Una duda para los que ya llevais tiempo en activobank: Tengo entendido que te mandan una tarjeta de debito (De la que tengo entendido que te cobran 10 eur) pero ya llevo 2 semanas con ellos y ni rastro de ninguna tarjeta (ni falta que me hace,puesto que yo tiro de transferencias)

A vosotros os la han enviado?


----------



## BARRALIBRE DE NAPALM (21 Ene 2010)

eminentemente técnico dijo:


> Una duda para los que ya llevais tiempo en activobank: Tengo entendido que te mandan una tarjeta de debito (De la que tengo entendido que te cobran 10 eur) pero ya llevo 2 semanas con ellos y ni rastro de ninguna tarjeta (ni falta que me hace,puesto que yo tiro de transferencias)
> 
> A vosotros os la han enviado?




Depende de lo que dijeras en la oficina del BS el dia que fuiste a firmar los contratos.

Yo dije claramente que solo queria la cuenta para hacer depositos, por eso creo que no tengo tarjeta de debito tampoco.

Llama a atencion al cliente a ver que te cuentan.


----------



## eminentemente técnico (21 Ene 2010)

BARRALIBRE DE NAPALM dijo:


> Depende de lo que dijeras en la oficina del BS el dia que fuiste a firmar los contratos.
> 
> Yo dije claramente que solo queria la cuenta para hacer depositos, por eso creo que no tengo tarjeta de debito tampoco.
> 
> Llama a atencion al cliente a ver que te cuentan.



A mi ni me dijeron nada de tarjeta ni yo dije nada,ni aparece rastro de ella en los contratos asi que supongo que me quedo sin tarjeta,cosa que me alegra puesto que no necesito.


----------



## CaCO3 (22 Ene 2010)

eminentemente técnico dijo:


> Una duda para los que ya llevais tiempo en activobank: Tengo entendido que te mandan una tarjeta de debito (De la que tengo entendido que te cobran 10 eur) pero ya llevo 2 semanas con ellos y ni rastro de ninguna tarjeta (ni falta que me hace,puesto que yo tiro de transferencias)
> 
> A vosotros os la han enviado?



No recuerdo nada: yo sólo sé que no tengo.


----------



## ninfireblade (22 Ene 2010)

Me registre por internet y cuando al terminar me solicitaban que fuera a una oficina a firmar no se que papeles los mande a tomar por culo. ¿ Eso es banca online ? Pues eso, que sigo en ING que por lo menos saben hacer las cosas bien.


----------



## Verdi (22 Ene 2010)

*ActivoBank antepone siempre a sus clientes*

Desde ActivoBank deseamos, en primer lugar, pedir disculpas a este y a cualquier otro cliente que han confiado en nosotros, y que por cualquier malentendido les hayamos podido ocasionar alguna molestia.
ActivoBank, como integrante del Grupo BancoSabadell trata siempre de responder a la expectación generada a nuestros clientes, ofreciendo la más alta calidad de servicio.
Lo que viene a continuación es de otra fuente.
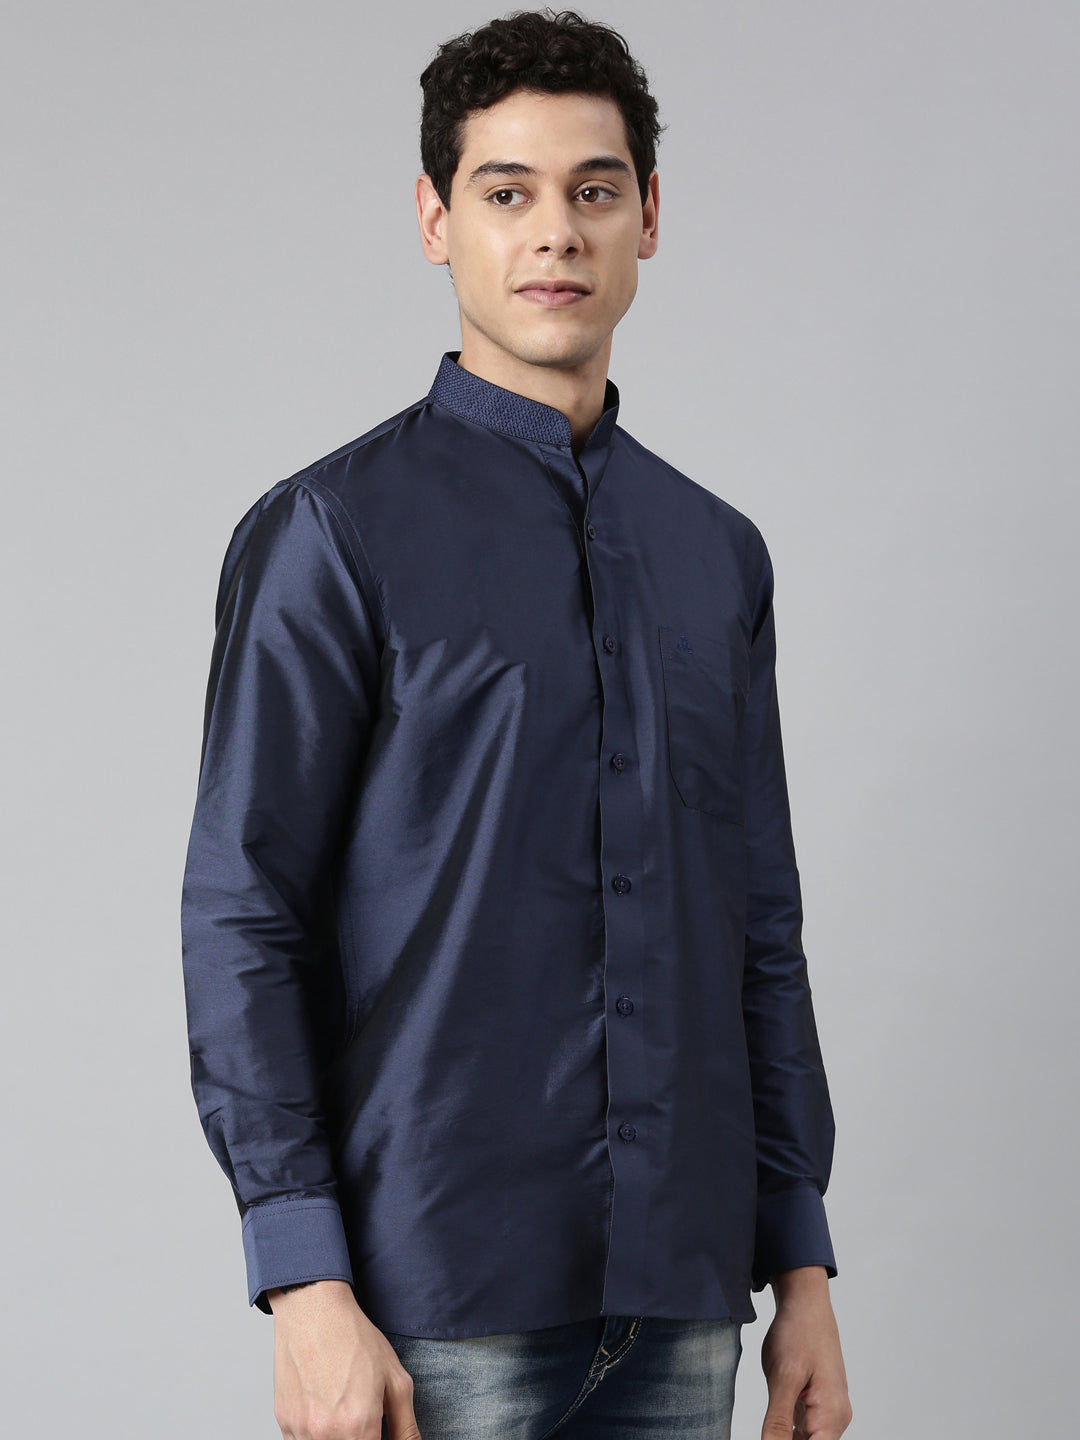 Navy Blue Color Art Silk Slim Fit Solid Party Shirt

Sin embargo, en algún caso puntual y ajeno a nuestros deseos, pudiera haber defraudado dichas expectativas. Por ello agradecemos siempre cualquier crítica, que entendemos constructiva, pues nos ayuda a detectar áreas de mejora y ofrecer un buen servicio de calidad a nuestros clientes.
Agradeceríamos al este cliente se ponga en contacto con nosotros a través del teléfono de Línea Activa 902-22.84.86 o del correo Contactar dentro de nuestra web.


----------



## asm2001 (22 Ene 2010)

yo me registre por la web y el dia que fui a la oficina mas cercana tarde 15 mins en firmar, me dieron un poco la brasa con meter la nomina en una cuenta del sabadell pero porque casualmente es la oficina dnd la empresa tiene una cuenta y queria que los empleados metieramos la nomina en el sabadell, pero poco mas.

A los 2 dias estaba probando a transferir 5€ a ver q tal y a los 5 dias metiendo la pasta para el deposito 4%.
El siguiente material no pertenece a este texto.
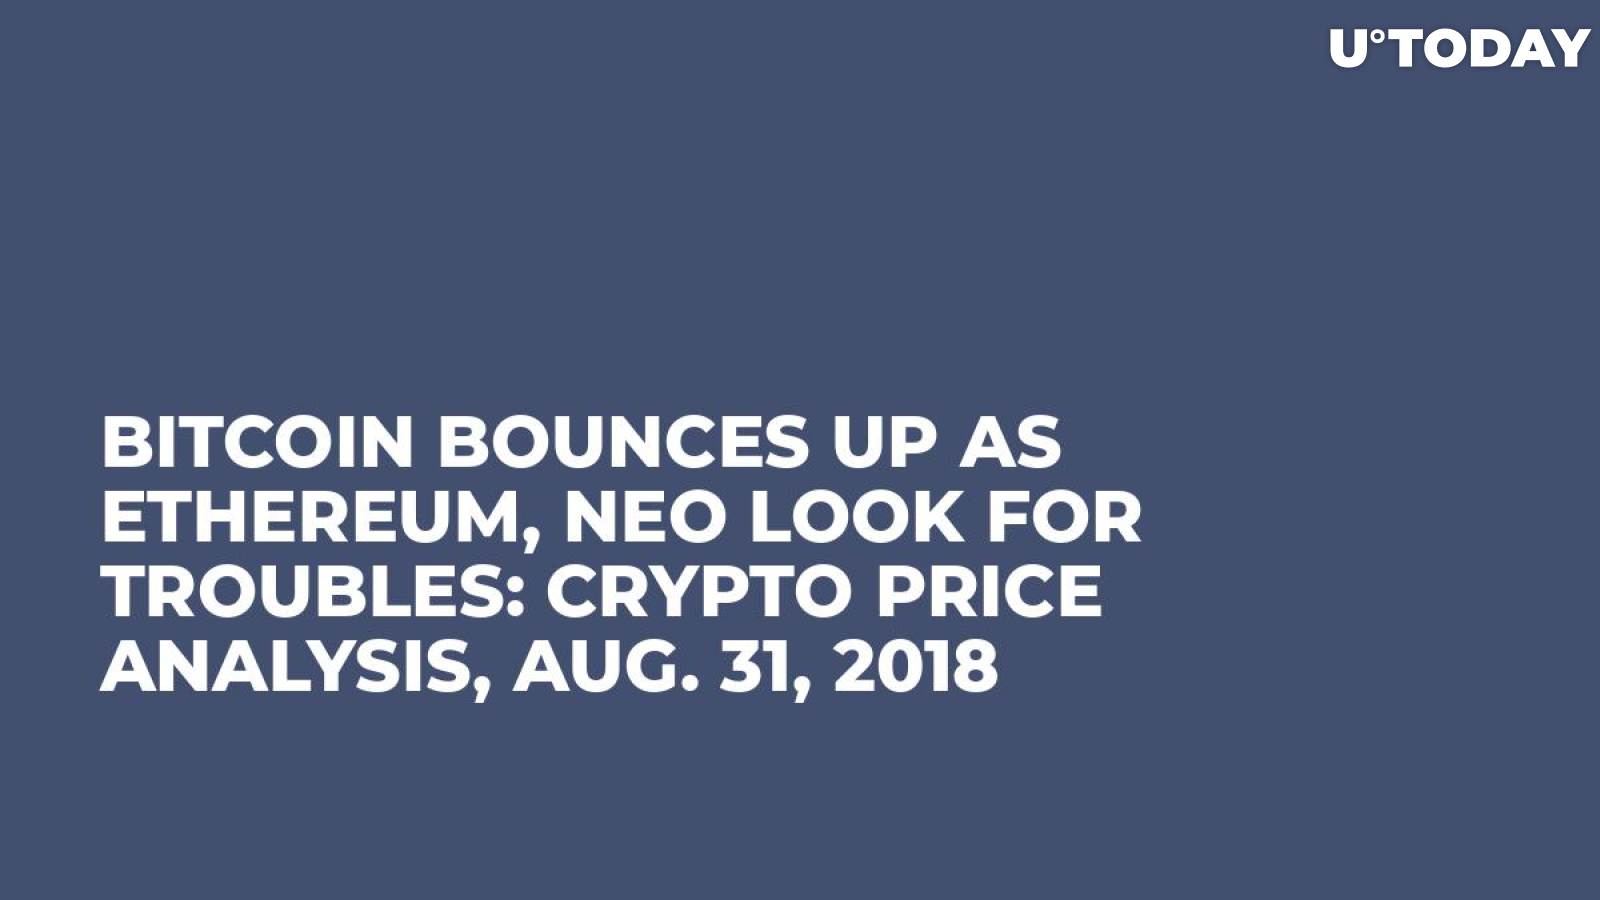 Bitcoin Bounces Up as Ethereum, NEO Look For Troubles: Crypto Price Analysis, Aug. 31, 2018

Por cierto, la web es fea y tirando a cutre, pero bueno.

Y un forero ha dicho 4% a 6 meses? el cualo?


----------



## artemis (22 Ene 2010)

Verdi dijo:


> Desde ActivoBank deseamos, en primer lugar, pedir disculpas a este y a cualquier otro cliente que han confiado en nosotros, y que por cualquier malentendido les hayamos podido ocasionar alguna molestia.
> ActivoBank, como integrante del Grupo BancoSabadell trata siempre de responder a la expectación generada a nuestros clientes, ofreciendo la más alta calidad de servicio. Sin embargo, en algún caso puntual y ajeno a nuestros deseos, pudiera haber defraudado dichas expectativas. Por ello agradecemos siempre cualquier crítica, que entendemos constructiva, pues nos ayuda a detectar áreas de mejora y ofrecer un buen servicio de calidad a nuestros clientes.
> Agradeceríamos al este cliente se ponga en contacto con nosotros a través del teléfono de Línea Activa 902-22.84.86 o del correo Contactar dentro de nuestra web.
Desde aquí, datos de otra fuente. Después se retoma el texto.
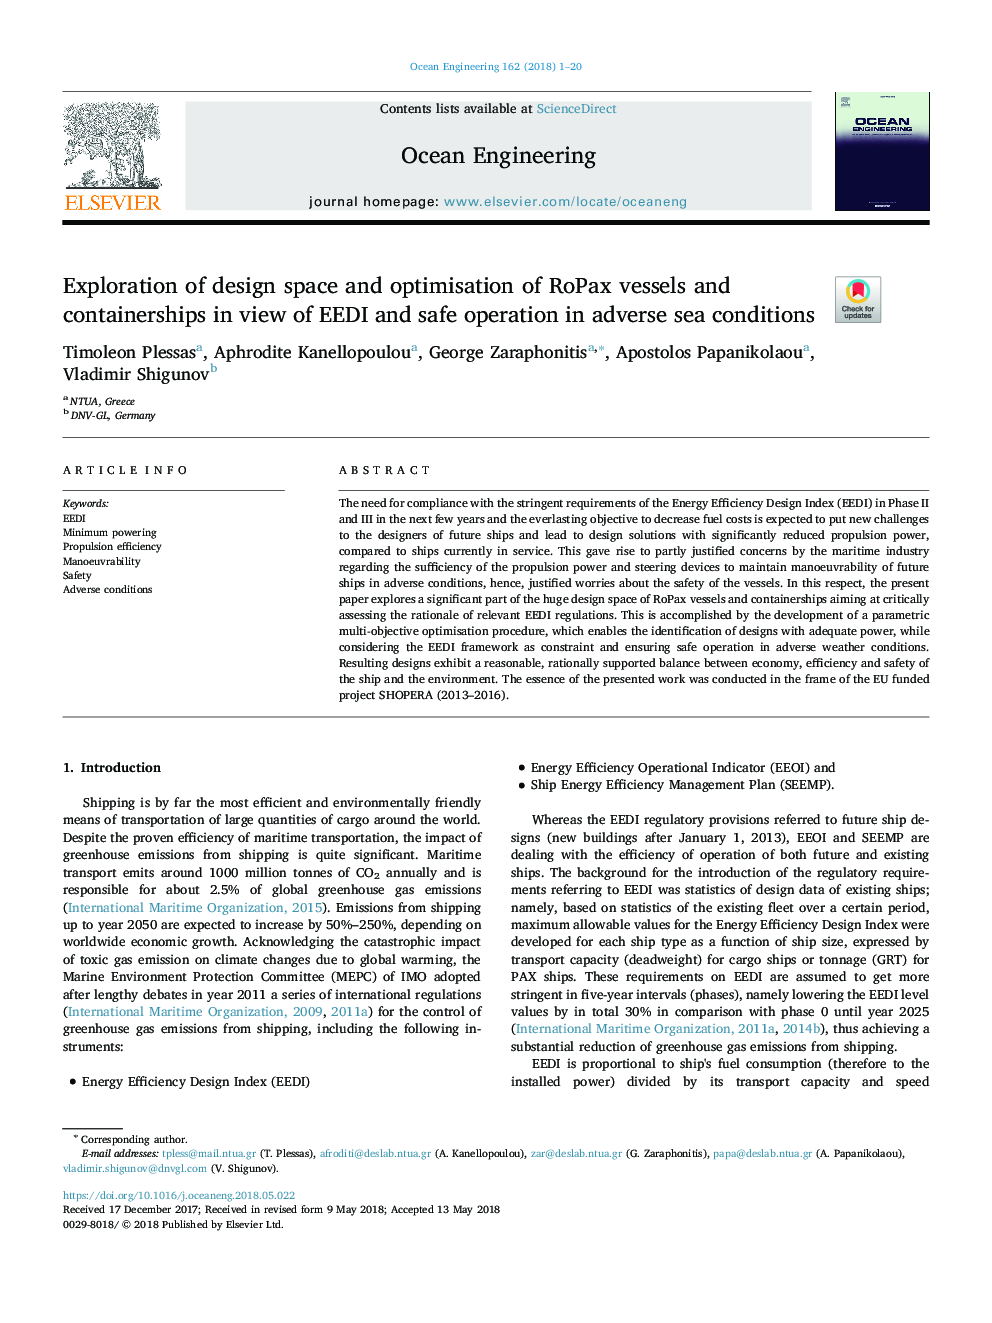 Exploration of design space and optimisation of RoPax vessels and containerships in view of EEDI and safe operation in adverse sea conditions

Hola Verdi, no es esta la forma mas normal de contactar con alguien de tu banco, pero me parece muy bien, yo soy cliente desde hace poco, veo un par de carencias a la página, cuando haces el login, la página sigue siendo igual y es poco intuitiva, se agradeceria que una vez entras, cambiara todo con un menu ya visualizando tus cuentas y no tener que pinchar en Activo online, otra cosa a mejorar es la sensacion de poca seguridad, ya que otras webs bancarias introduces tu usuario y contraseña con teclados virtuales, a parte de que lo que mas me choco es que por teléfono una telefonista me preguntara directamente mi contraseña, volvemos a que en otros bancos tienen sistemas mas avanzados y lo introduces a traves del teléfono, porque yo no se que grado de curiosidad tiene esa empleada y si desde su casa va ir entrando a las cuentas de los clientes y mucho menos a quien tiene de familia y si pueden llegar averiguar mis datos.
Otra duda/queja es el activo movil, no lo entendí muy bien, pero parecia que era un servicio que se cobra a parte, cuando en otros bancos online es gratuito para confirmar transferencias y otras modificaciones.

Un saludo


----------



## artemis (22 Ene 2010)

eminentemente técnico dijo:


> Una duda para los que ya llevais tiempo en activobank: Tengo entendido que te mandan una tarjeta de debito (De la que tengo entendido que te cobran 10 eur) pero ya llevo 2 semanas con ellos y ni rastro de ninguna tarjeta (ni falta que me hace,puesto que yo tiro de transferencias)
> 
> A vosotros os la han enviado?



A mi no me dieron la tarjeta ni la quiero y menos pagar 10 euros...


----------



## Amstrad (22 Ene 2010)

Verdi dijo:


> Desde ActivoBank deseamos, en primer lugar, pedir disculpas a este y a cualquier otro cliente que han confiado en nosotros, y que por cualquier malentendido les hayamos podido ocasionar alguna molestia.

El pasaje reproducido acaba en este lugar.